WHAT THE EXERCISE ASKS
Lines from the one containing "The march travelling" through the last line of the data are to be returned exactly, both ends included, minus any pictures.

THE RECORDS
=== Section Start ===

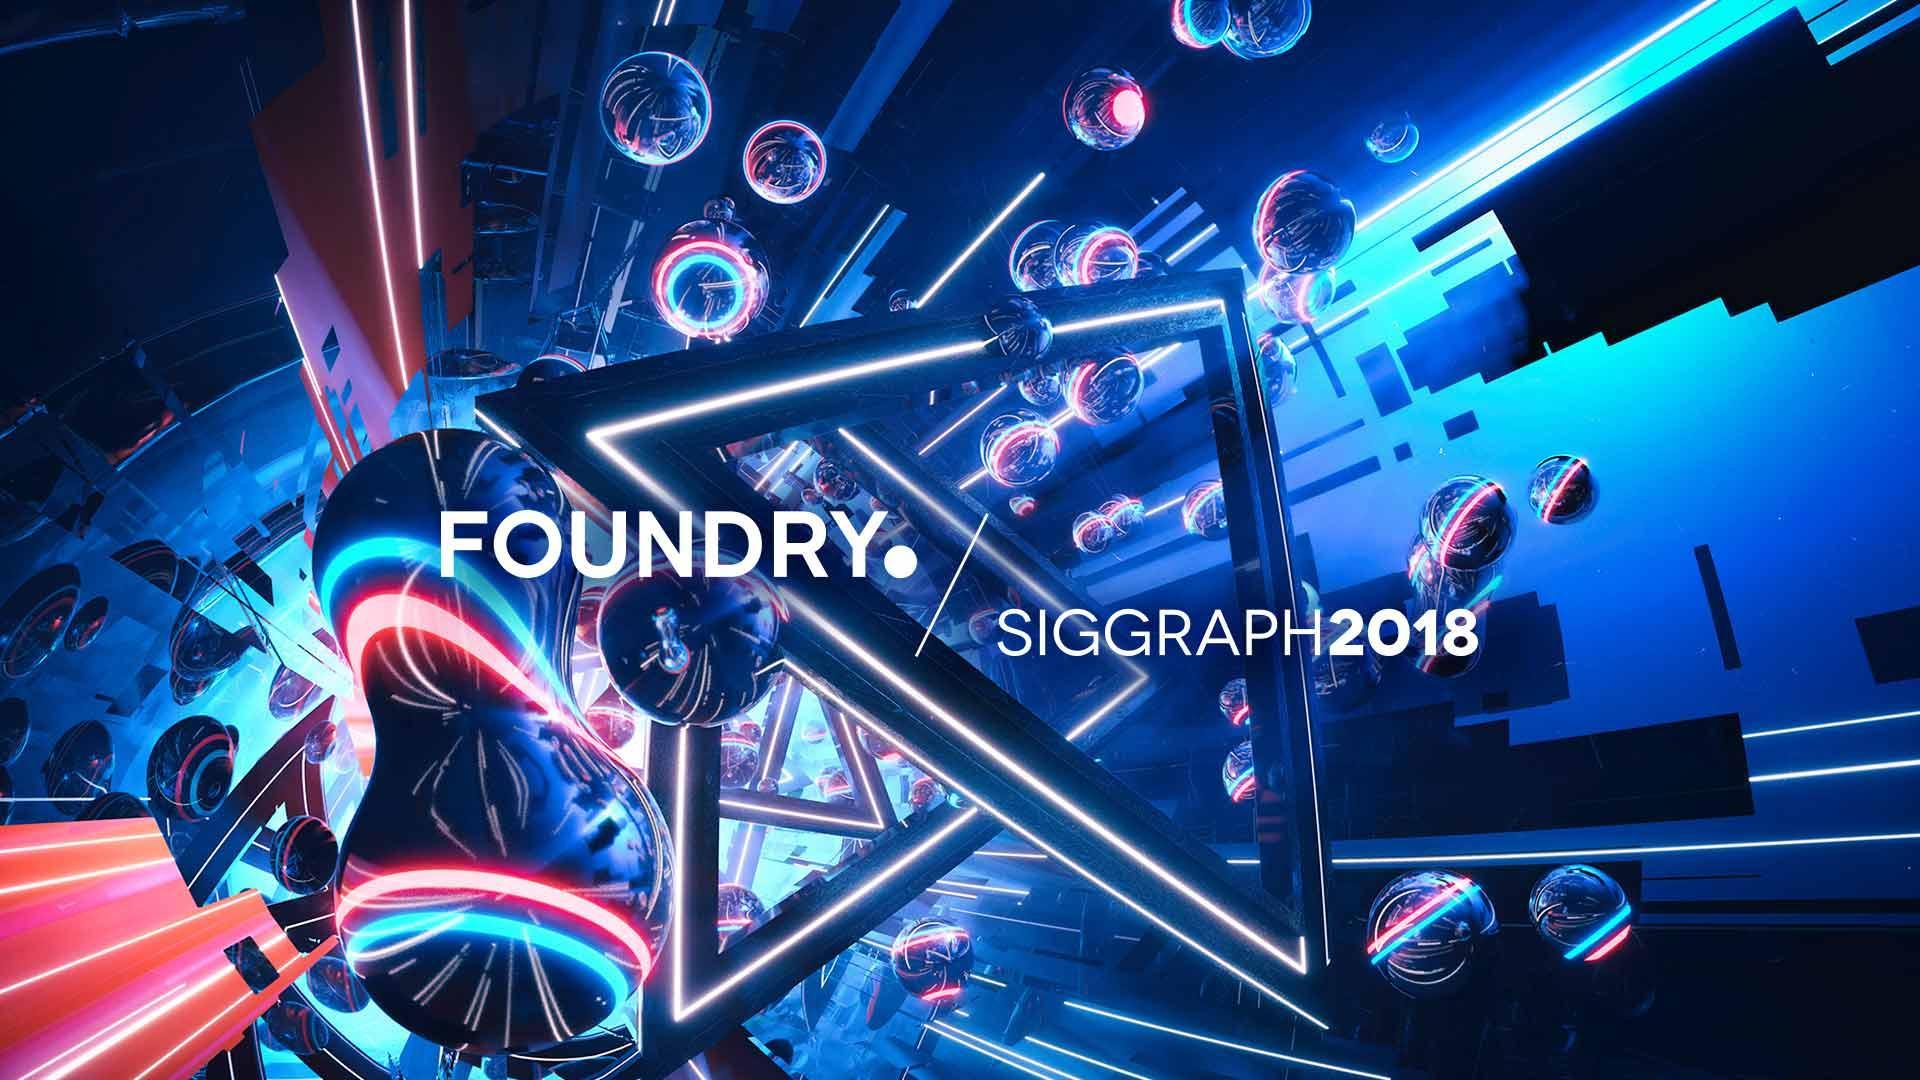 Foundry at Siggraph 
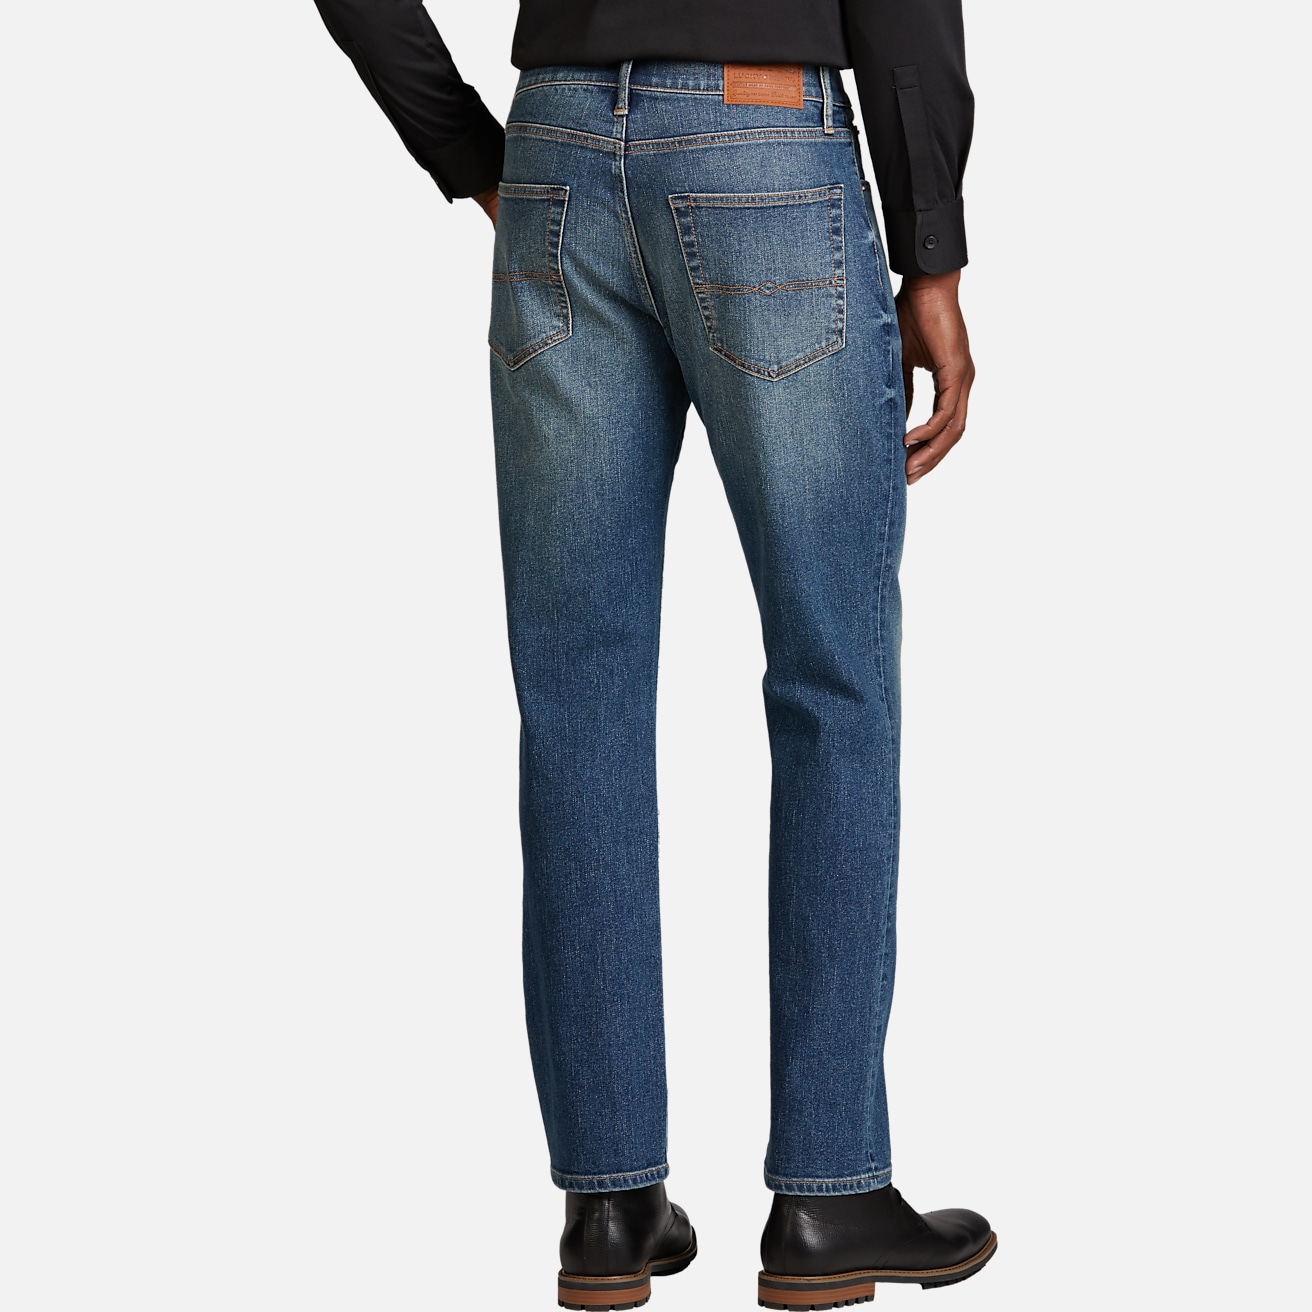 https://image.menswearhouse.com/is/image/TMW/TMW_22ZG_53_LUCKY_BRAND_JEANS_DARK_WASH_ALT1?imPolicy=pdp-mob-2x
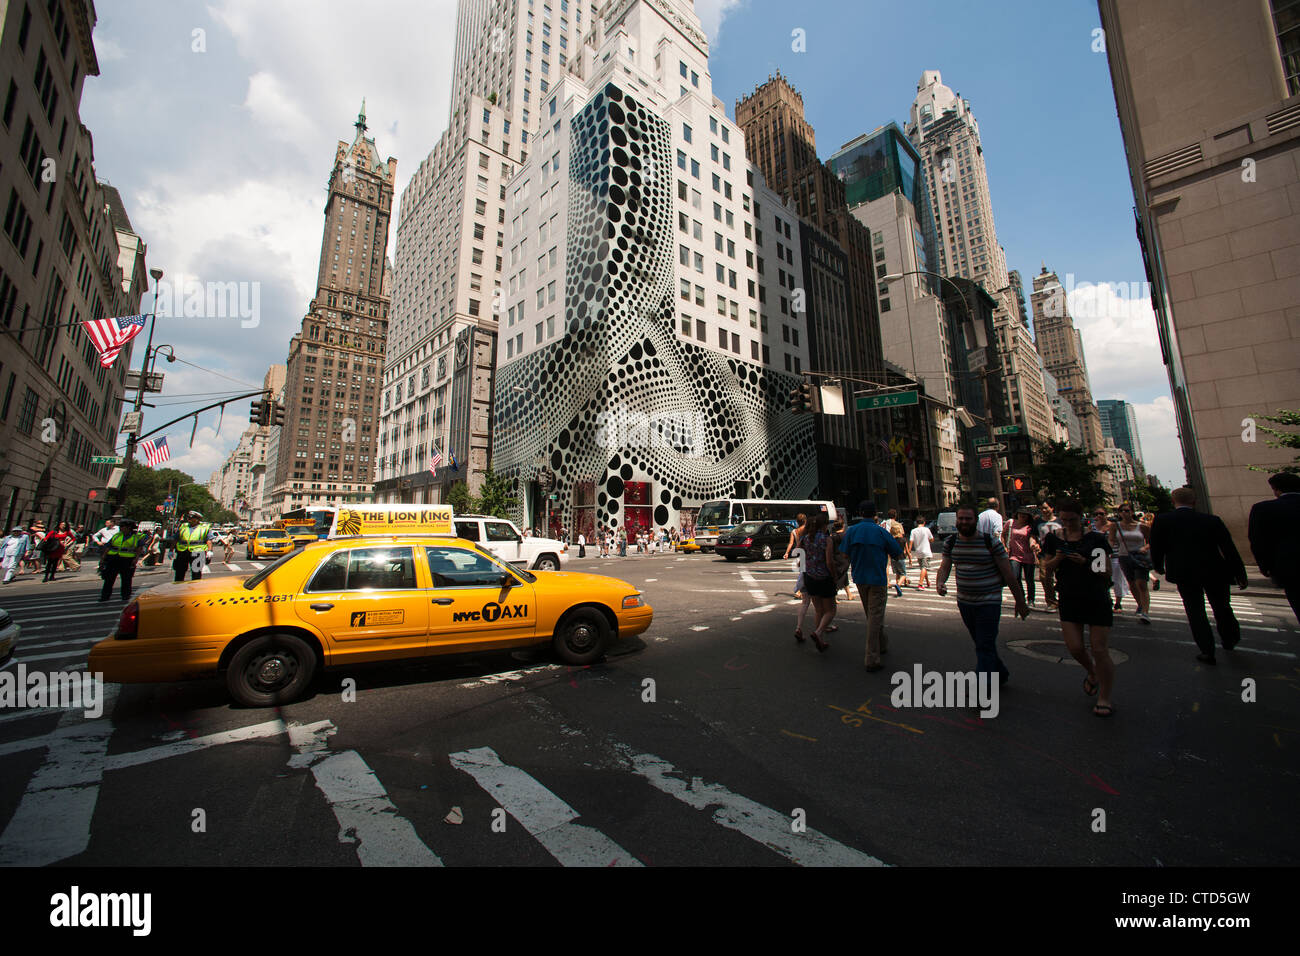 The Louis Vuitton flagship store on Fifth Avenue in New York is Stock Photo: 49462249 - Alamy
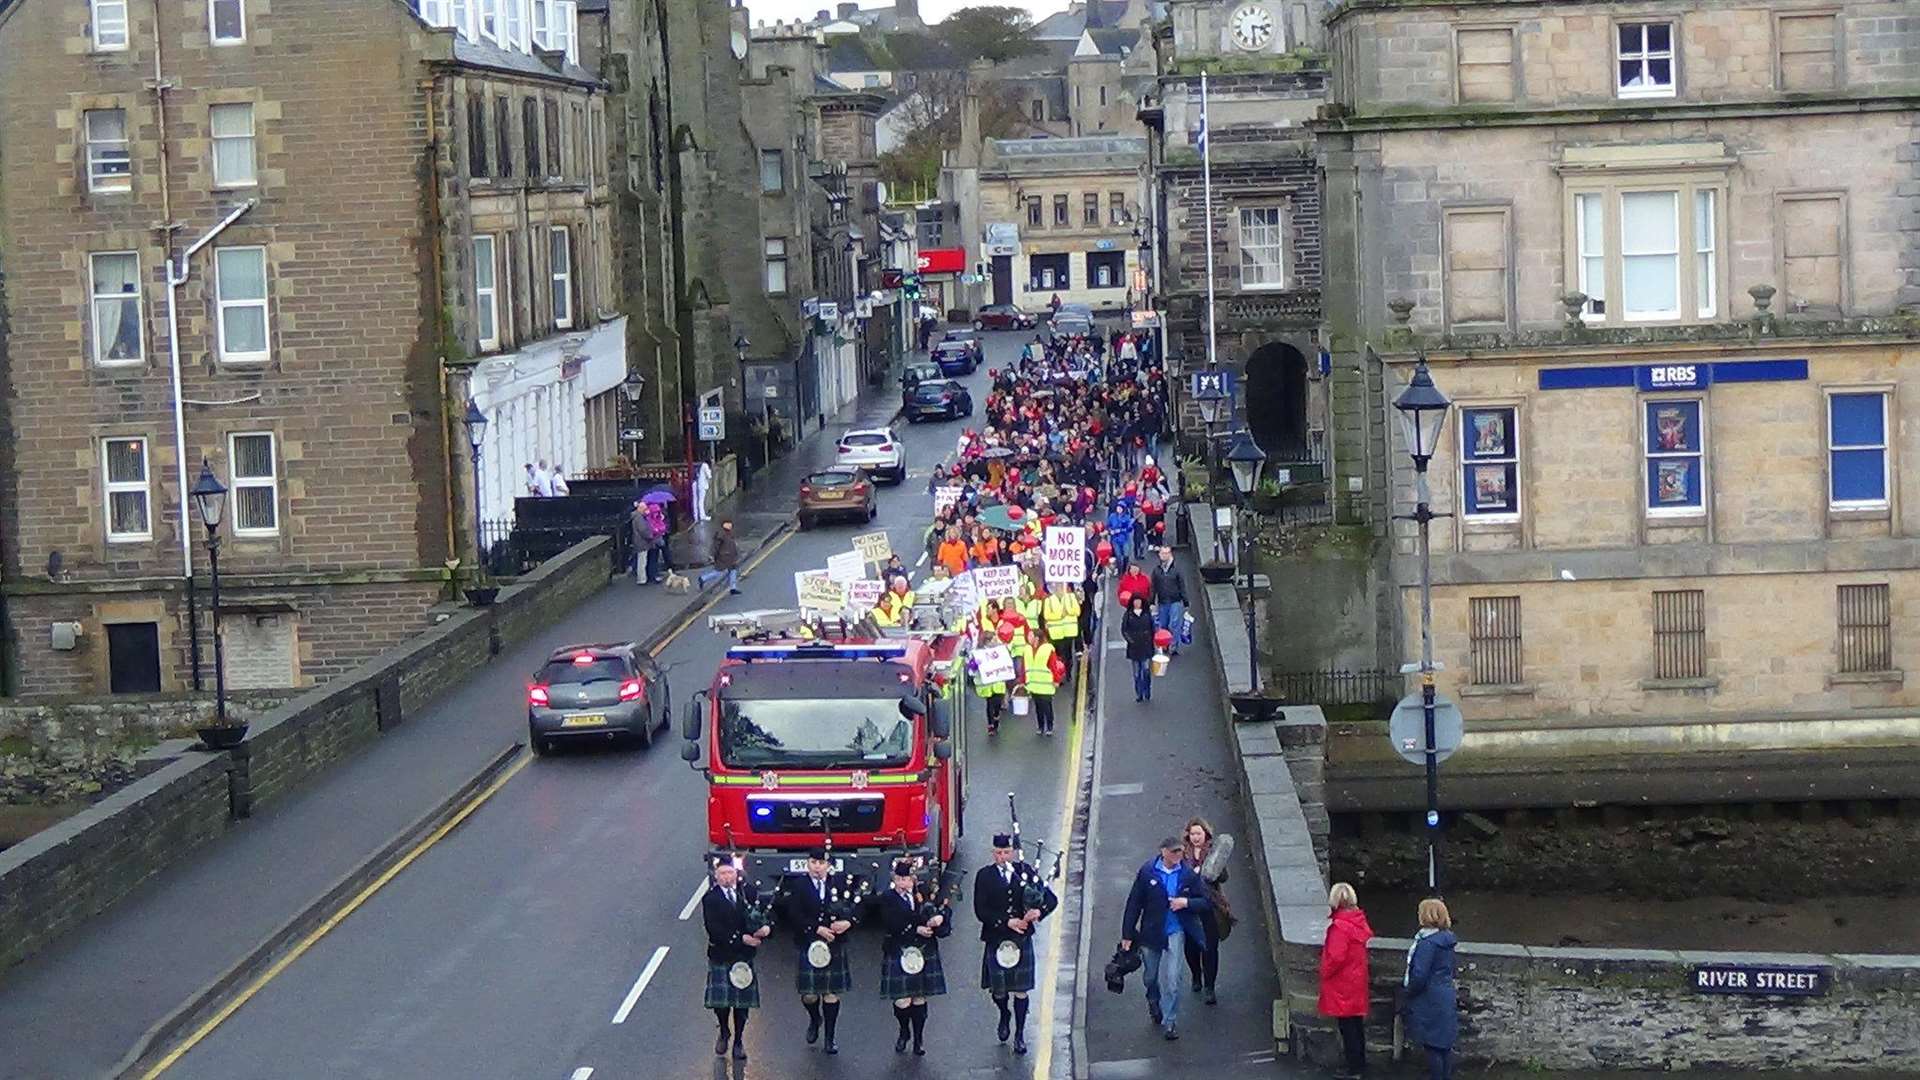 The march travelling through Bridge Street on their way to Caithness General Hospital. Photo: Will Clark
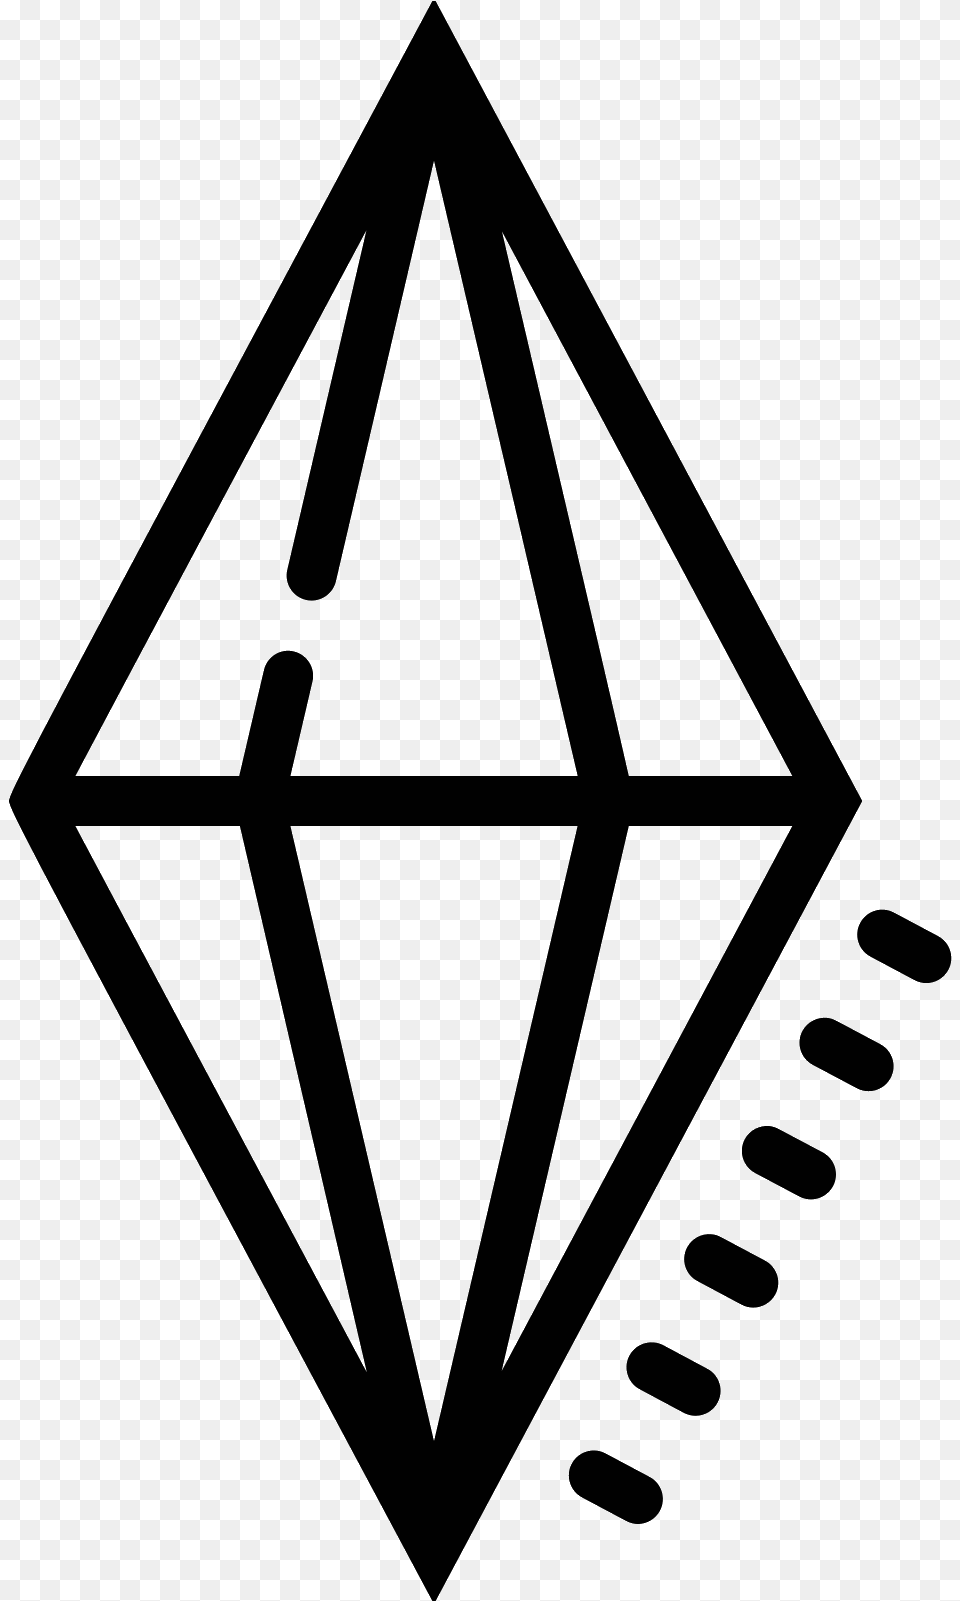 The Sims Icon Download And Vector Sims Icon Plumbob, Gray Png

=== Section End ===

OUTPUT OF THE EXERCISE
 The march travelling through Bridge Street on their way to Caithness General Hospital. Photo: Will Clark
 The Sims Icon Download And Vector Sims Icon Plumbob, Gray Png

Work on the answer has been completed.